Vice: The Most Overhyped Wellness Promises, Debunked. “Here’s some healthy skepticism about Keto, colonics, charcoal, and more.”

“Behold our ever-growing list of today’s most pervasive wellness lies (or are they misunderstandings? Misguided hopes and dreams?). Click through on each one for a clear, deeply researched, as-definitive-as-possible explanation, gathered from experts and years of scientific research. You won’t find any thin claims based on small studies or experiments on cells or mice, unless we’re using them to point out how insufficient the research is on a given subject.”

The list includes 44 myths and links to extensive articles about each one.

Link via MetaFilter.

“Once they start exercising and experience the benefits, they become very committed to routine exercise”

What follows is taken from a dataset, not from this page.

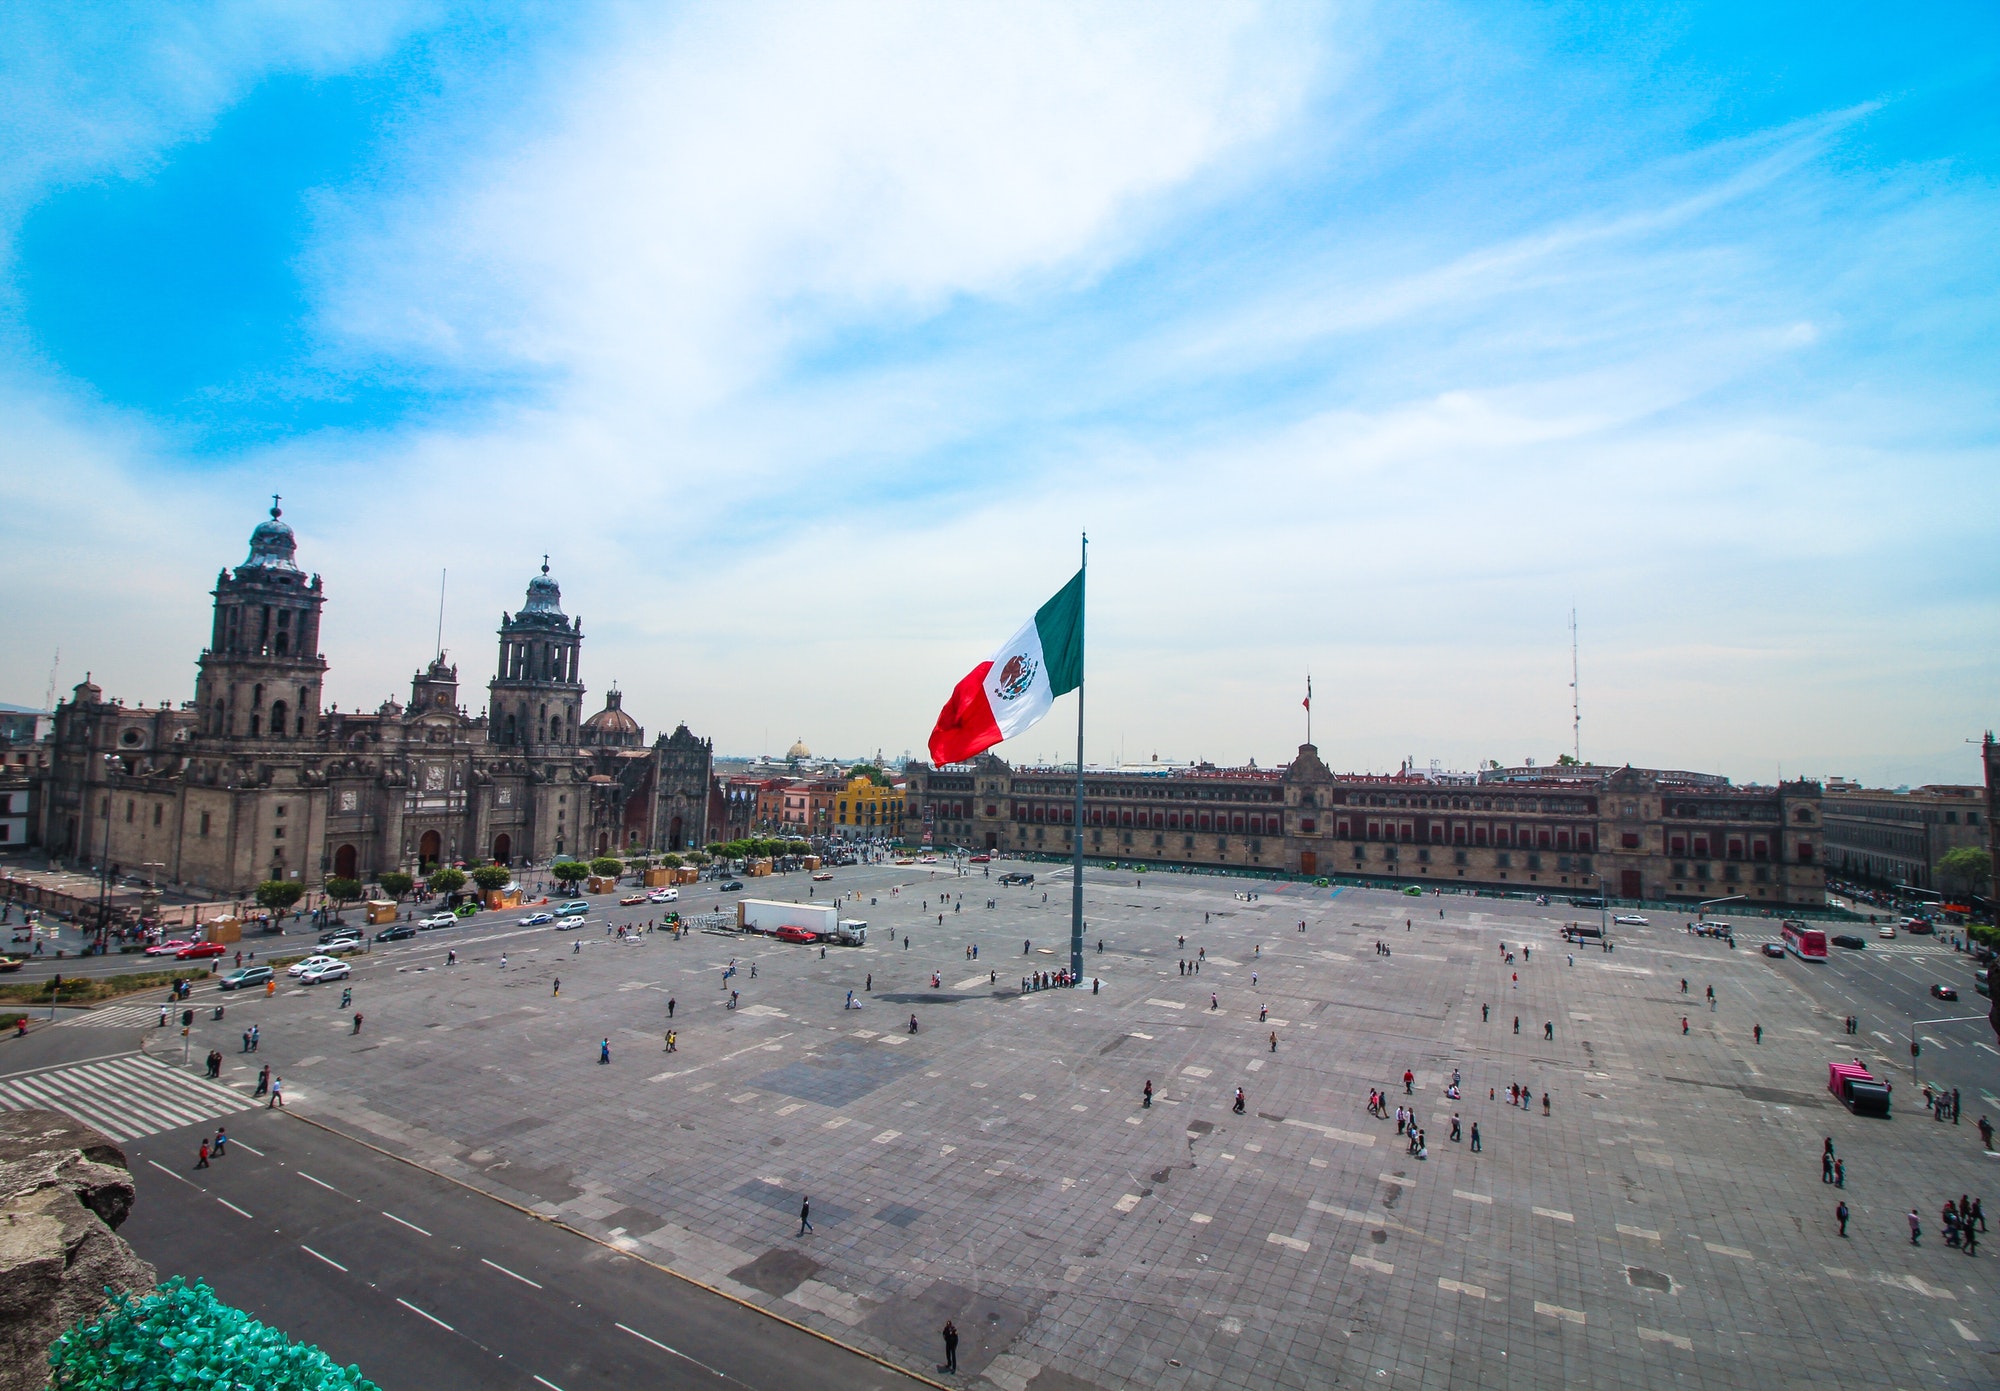 Mexican flag waving in Mexico’s centro histórico with cathedral and presidential palace in the back.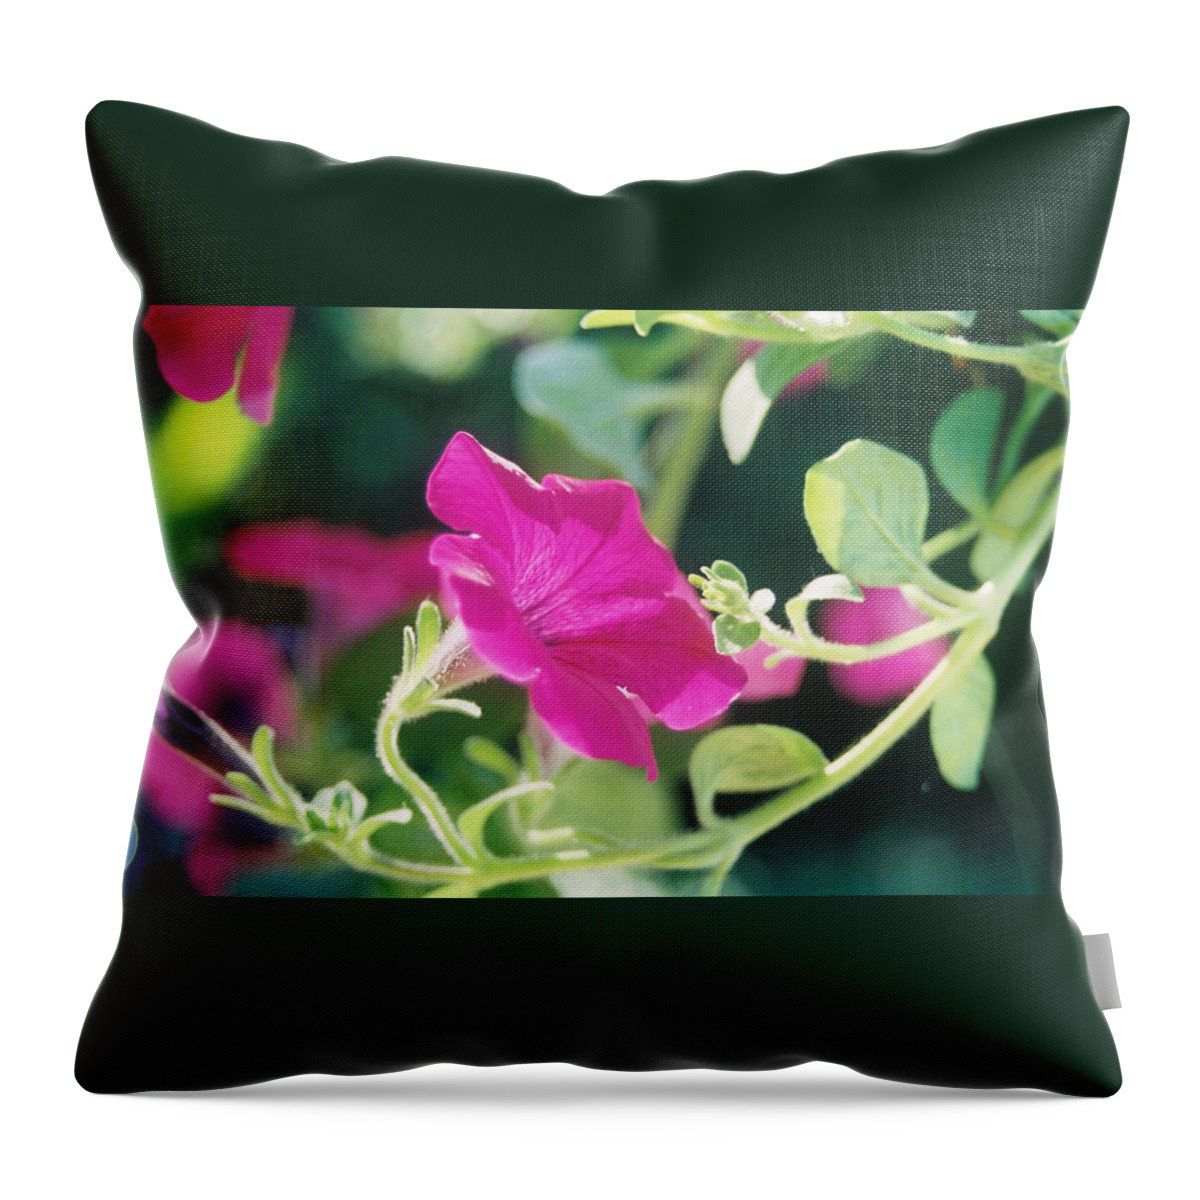 Flowers Throw Pillow featuring the photograph Early Morning Petunias by Alan Lakin

NPR Health: Exercising To Ease Pain: Taking Brisk Walks Can Help. “For people who live with chronic pain, getting up, out and moving can seem daunting. Some fear that physical activity will make their pain worse. But in fact, researchers find the opposite is true: The right kind of exercise can help reduce pain.”

“”Movement is essential for nutrition of the cartilage,” says Dr. Virginia Byers Kraus, a professor at Duke University’s Molecular Physiology Institute who serves on the research and medical committees of the Arthritis Foundation.

“Cartilage doesn’t have a blood supply but does have living cells,” she explains. “So the way it gets nutrition is by dynamic motion — putting weight off and on as you walk and move. The fluid inside the joint flows into and out of the cartilage like a sponge, so all the nutrients in the joint fluid get into the cartilage” and help slow any degradation there.

Neuroscientist Benedict Kolber with Duquesne University in Pittsburgh says exercise may also cause changes in the brain that can make a big difference in damping down pain.

“Exercise engages the endogenous opioid system,” he says, “so our bodies make opioids and use these opioids to decrease pain.”

In addition to other mechanisms still being worked out, natural opioids are thought to bind to the same receptors in the brain as opioid painkillers, Kolber says, but without the complications or potential for addiction. “There are some circumstances,” he says, “in which your body can produce so much of these natural opioids that you actually get some sense of euphoria” — hence the term runner’s high, a phenomenon athletes have long described.

Kolber says exercise also seems to activate parts of the brain that are involved in decreasing pain. “We get pain signals that are coming from our hands to our spinal cord and up to our brain,” he says, “and then we get these control systems — parts of our brain that seem to be activated in exercise — and that then turns down the pain system.”

And finally, Kolber says, exercise also seems to decrease stress. And stress can make people more sensitive to pain.”